The ccmap l1000 dataset includes 19,360 small molecules as well as a total of 6,943 shRNA, overexpression, and protein perturbagens. In contrast, L1000 CDS2 includes only 3,924 small molecules that were determined to have significant signatures (~85% of perturbagens excluded). The utility of this drastic filtering was assesed by comparing queries against l1000 signatures where CD p-values greater than 0.05 were excluded or not.
As this comparison is between l1000 datasets with large differences in the number of signatures, the ROC curve isn’t an appropriate metric for ascertaining if filtering is beneficial. To understand why, note that the x-axis (false positive rate) of an ROC curve is essentially the fraction of queried perturbagens (each query has only a few true positives - the queried drug itself and any similar drugs). When comparing queries with large differences in the number of signatures, a given fraction of queried perturbagens represents a different total number of perturbagens. As such, in order to determine which approach leads to more ‘correct’ results in the top few highest ranking perturbagens, you would have to look at different points along the x-axis for each ROC curve. A more interpretable metric is the number of ‘correct’ signatures within the top few highest ranking signatures. As these top signatures are those most likely to be screened further, it is beneficial if they include more ‘correct’ signatures.

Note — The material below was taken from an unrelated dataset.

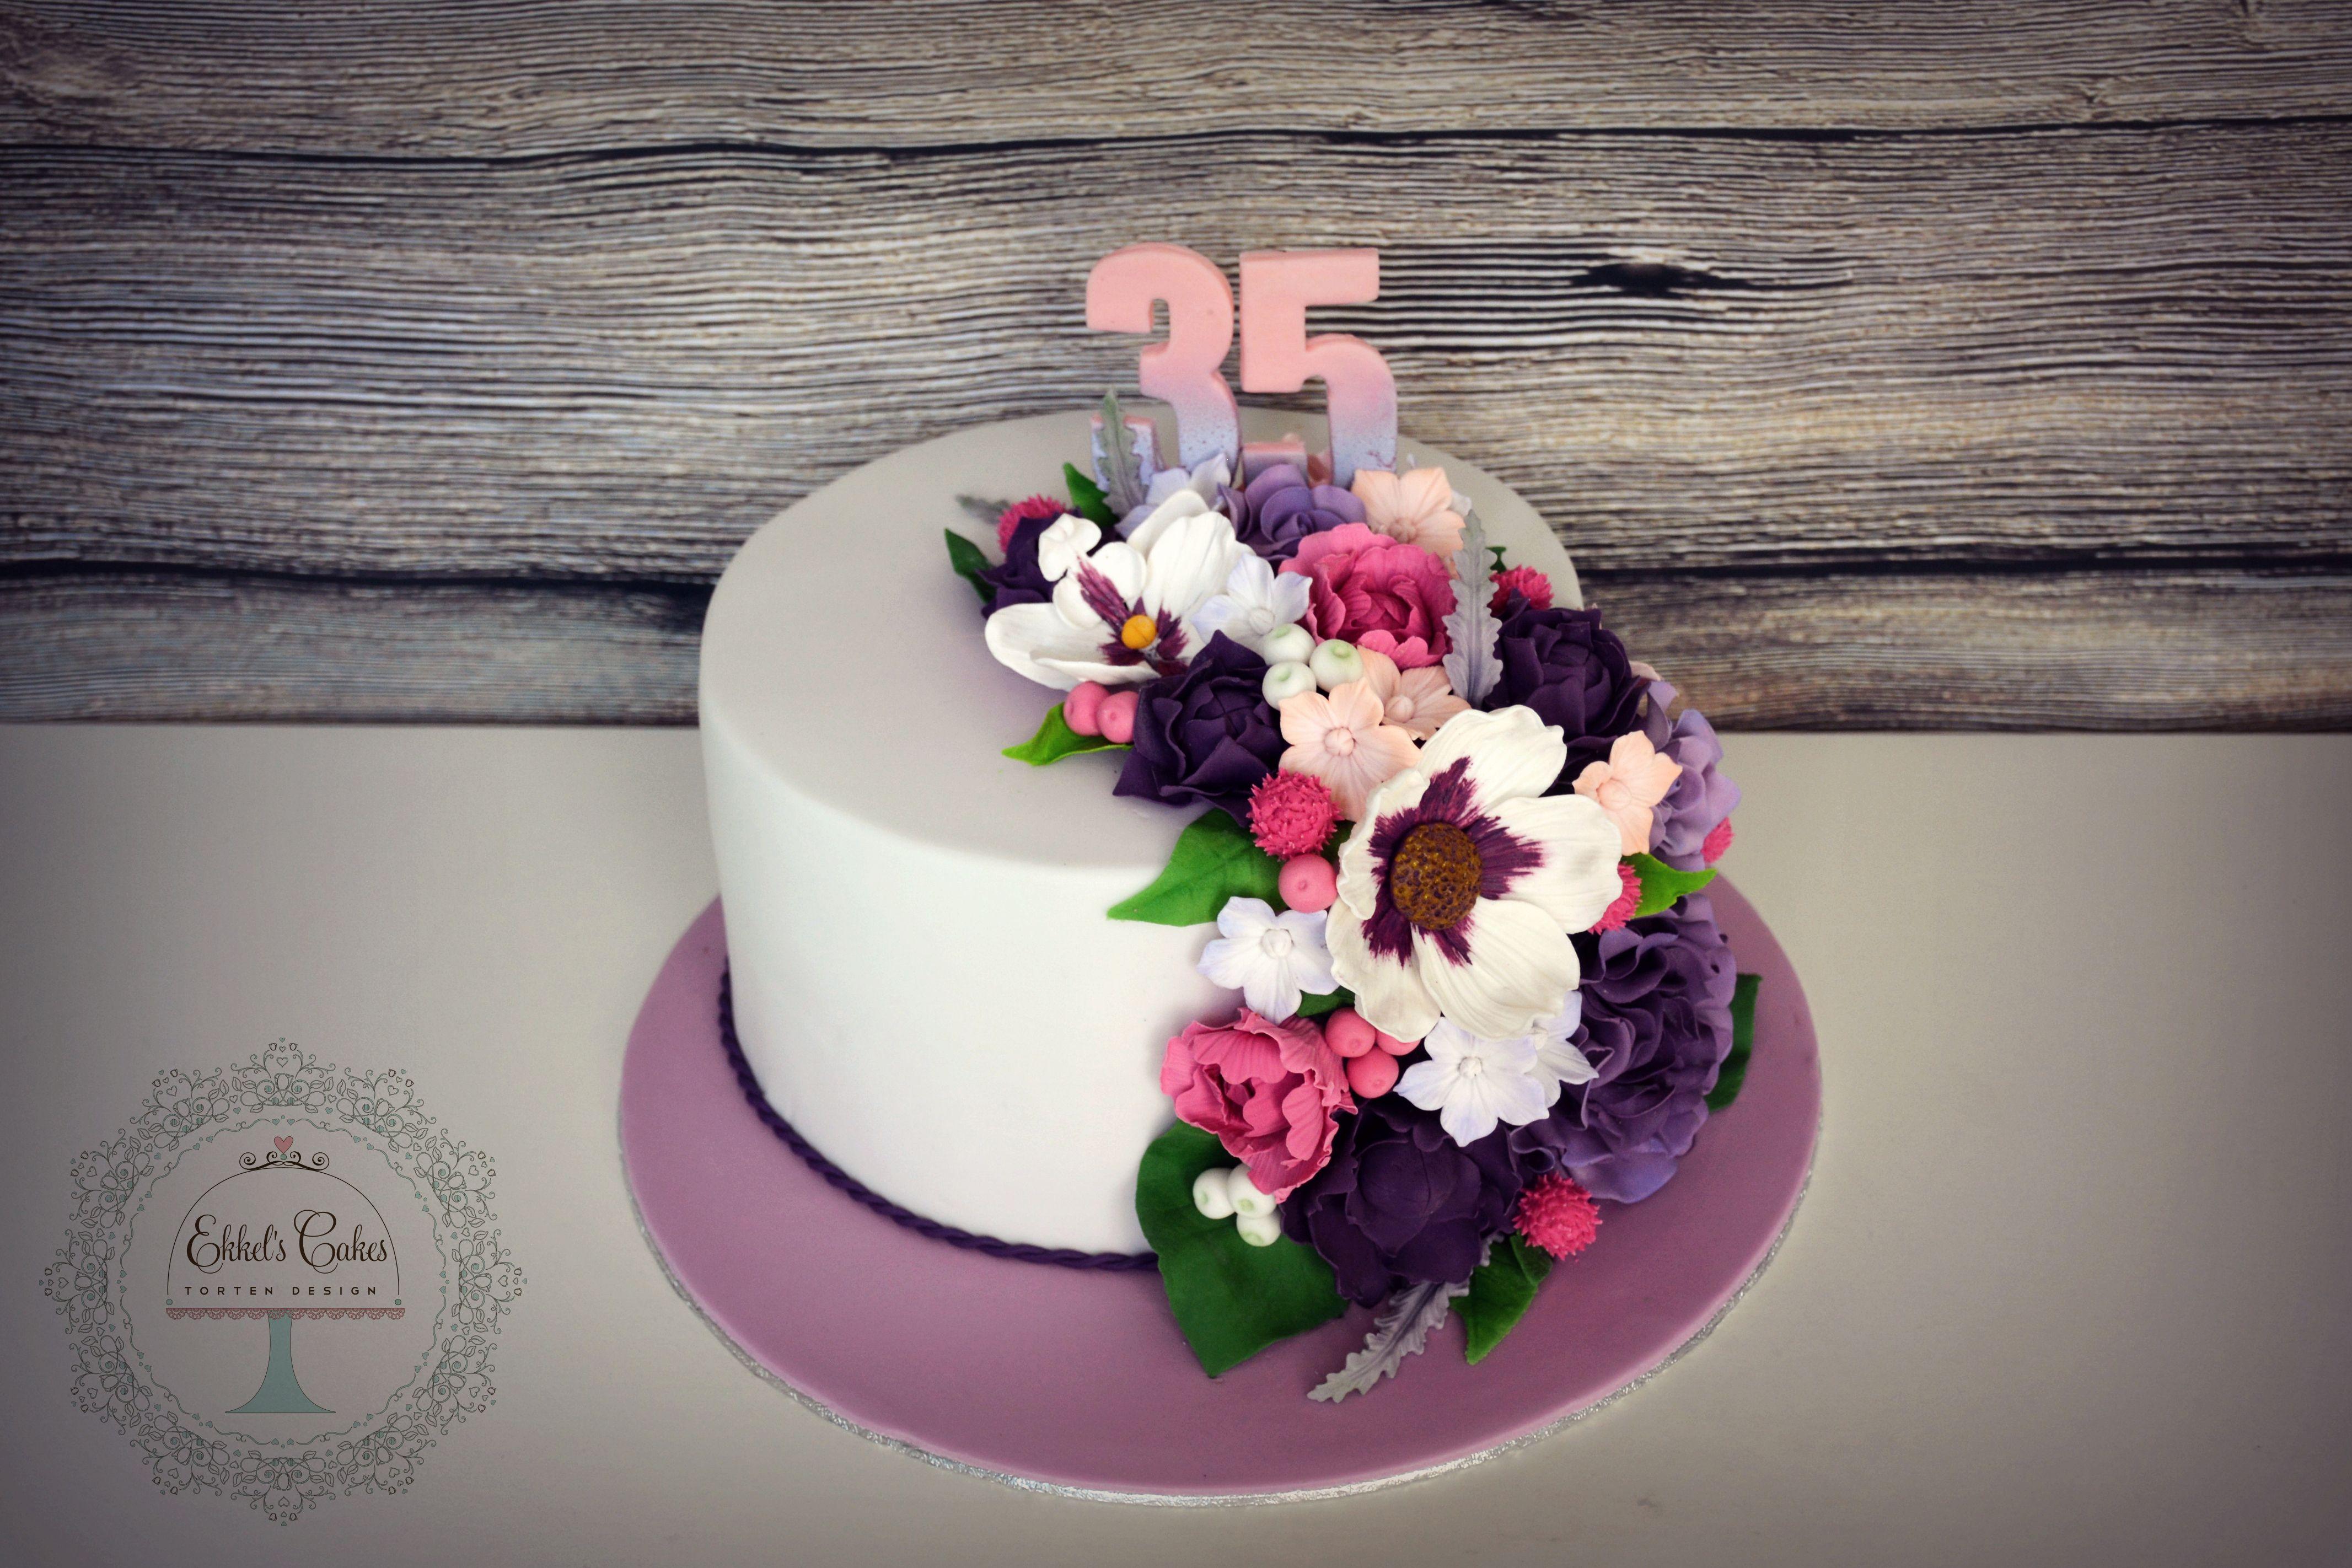 35thbirthday Geburtstag Birthday Woman Flower Blume Rose

For the 259 contrasts, filtering signatures with CD p-values greater than 0.05 resulted in fewer ‘correct’ signatures among the top 50 (figure below). This finding led me to include all analysed l1000 signatures in ccmap.

Summary
Connectivity mapping is a potentially powerful approach for finding drugs that either treat disease or promote health. Improvements to connectivity mapping will come in the form of improved reliability that the suggested drugs produce the desired changes in gene expression. In this post, I used a collection of 125 public studies that assayed at least one of 10 drugs also assayed in the l1000 drug dataset. This large collection of studies served as a gold-standard for comparing connectivity mapping similarity metrics and data-analysis methods. These comparisons favoured the cosine similarity metric and limma-based differential expression analysis, and form the basis for the current implementation of the Bioconductor package ccmap.